Sıkıntıyla başımı ovalarken Minho'nun bana dediklerini unutmuştum çoktan. Formalite icabı beni sorguya alması gerektiğini söylemişti ve bir iki cümle söylemişti ama ben söylediği her şeyi unutmuştum. Karşımdaki Minho konuşmaya başlayınca ona döndüm.

"Peki Felix. Bana ne olduğunu anlat." Yüzüne baktım. Sanırım bakışlarımdan anlamıştı ki eliyle kafasına vurdu. Mecbur söyleyeceğiz bir şeyler.

"Bir arkadaşımla beraber yolda giderken gördüm." Sıkıntı ile nefes verdim.

"Ne gördün tam olarak." Ah Minho dardayım zaten zorlama.

"Kaçarken gördüm. Birinden kaçıyor gibiydi korkmuş ve yaralı." Minho kafasını yukarı aşağı salladı. İyi gidiyordum.

"Sonra meraklanıp takip ettim. Adam yerde yatıyordu ve diğeri de ona tekme atıyordu. Bende ilk olarak seni aradım ama sen gelene kadar adamı daha fazla dövmesin diye ona sertçe vurdum. bir tahta ile. Ama yeterince sert vuramamışım ki bayılmayınca bana vurdu. Daha sonra da sen geldin." Minho elini omuzuma atarak "Bu kadar tamam. Hadi çıkalım." Sandalyeden kalkarak odadan çıktım. Minho'nun odasına girince gördüğüm beden ile sessizce yanına gittim ve oturdum.

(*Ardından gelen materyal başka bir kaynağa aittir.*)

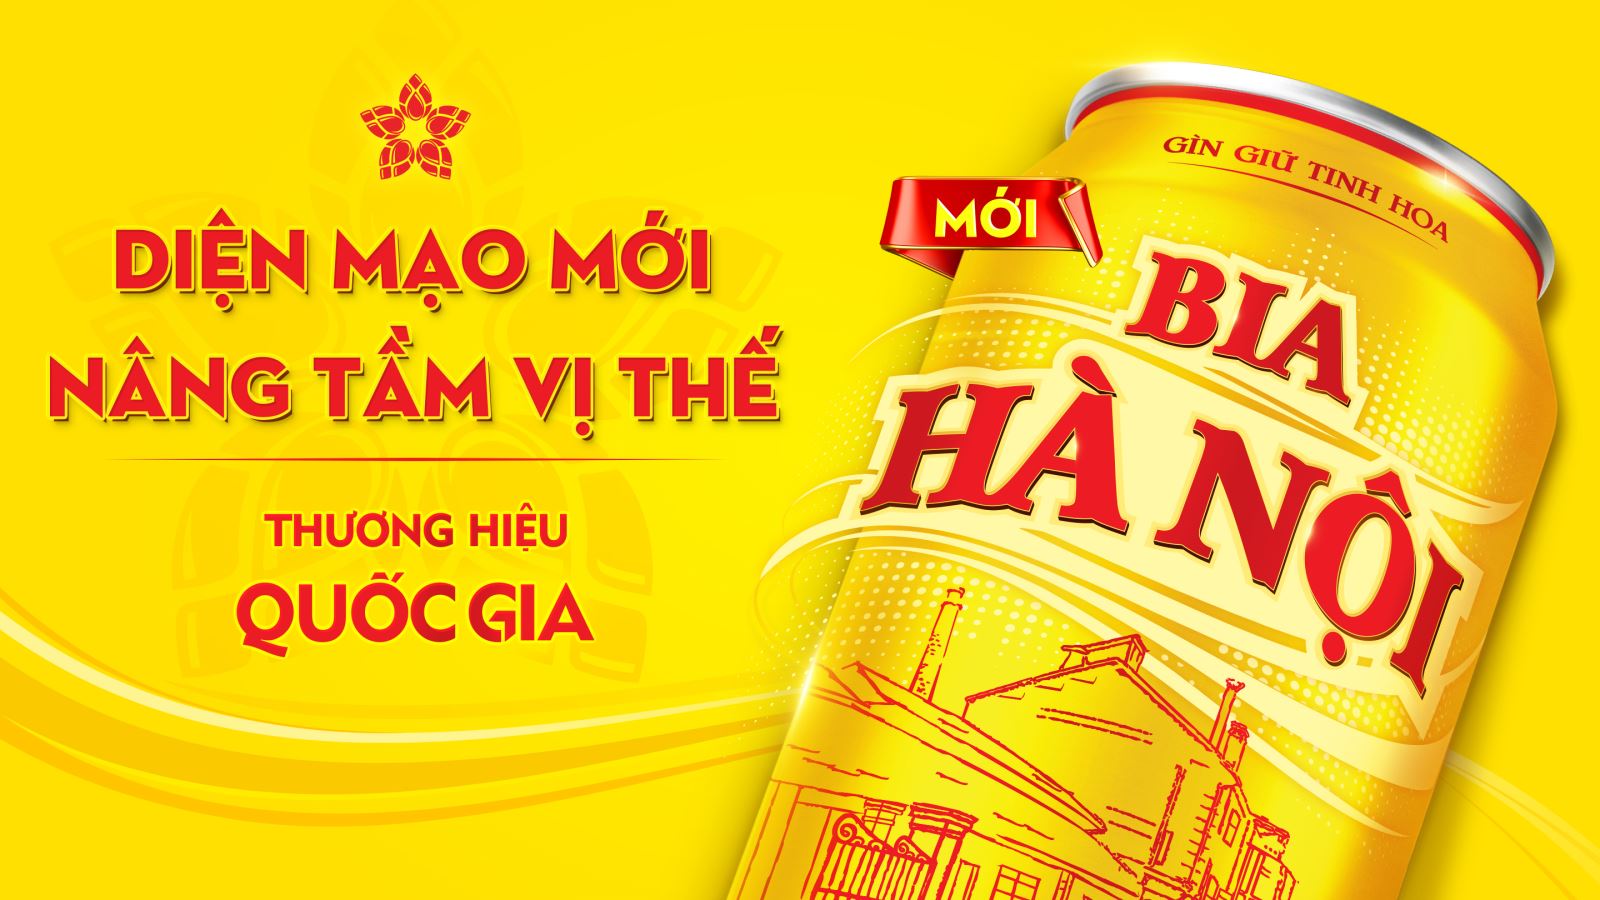 Bia Hà Nội ra mắt nhận diện thương hiệu mới.

"Bu sefer görmezden geliyorum ama bir daha böyle bir şey olduğunda bana haber ver. Bunu tamamen senin iyiliğin için söylüyorum." Kafamı salladım. Seungmin de haklıydı. Bir süre oluşan sessizliği telefon sesi kesmişti. Başımın ve karnımın ağrısından kendi telefon müziğim olduğunu bile hatırlamazken Minho'nun kolumu dürtüp "Telefonun çalıyor demesi üzerine hemen kendime geldim ve telefonu cebimden çıkardım. Hyunjin'di.

"Efendim Hyunjin?"

"Felix? İyi misin? Sabah yanımdan hızla ayrılınca telaşlandım." Beni düşünmesi yüzümde bir gülümsemeye neden olmuştu. Ve bu da yanımdaki Seungmin ve Minho'nun bakışlarını üzerime çekmişti.

"Merak etme iyiyim. Sadece unuttuğum ve acil yapmam gereken bir işim vardı."

"Anladım. Bu akşam arkadaşlarla keşfe çıkacağız gelecek misin?" Keşif? Aklıma gelenle yüzüm ciddi bir hal almış ve dik bir konuma geçmiştim.

"Evet tabiki de geleceğim. Nerede buluşacağız?" Gelen bir iki hışırtıdan sonra buğulu bir ses duyuldu. "Harabelerin orası" Kimin sesiydi bu? Tekrar Hyunjin'in sesi geldi kulağıma. "Seni akşam 8 de evinden alırız biz?"

"Tamam o zaman akşam sizi bekliyor olacağım?"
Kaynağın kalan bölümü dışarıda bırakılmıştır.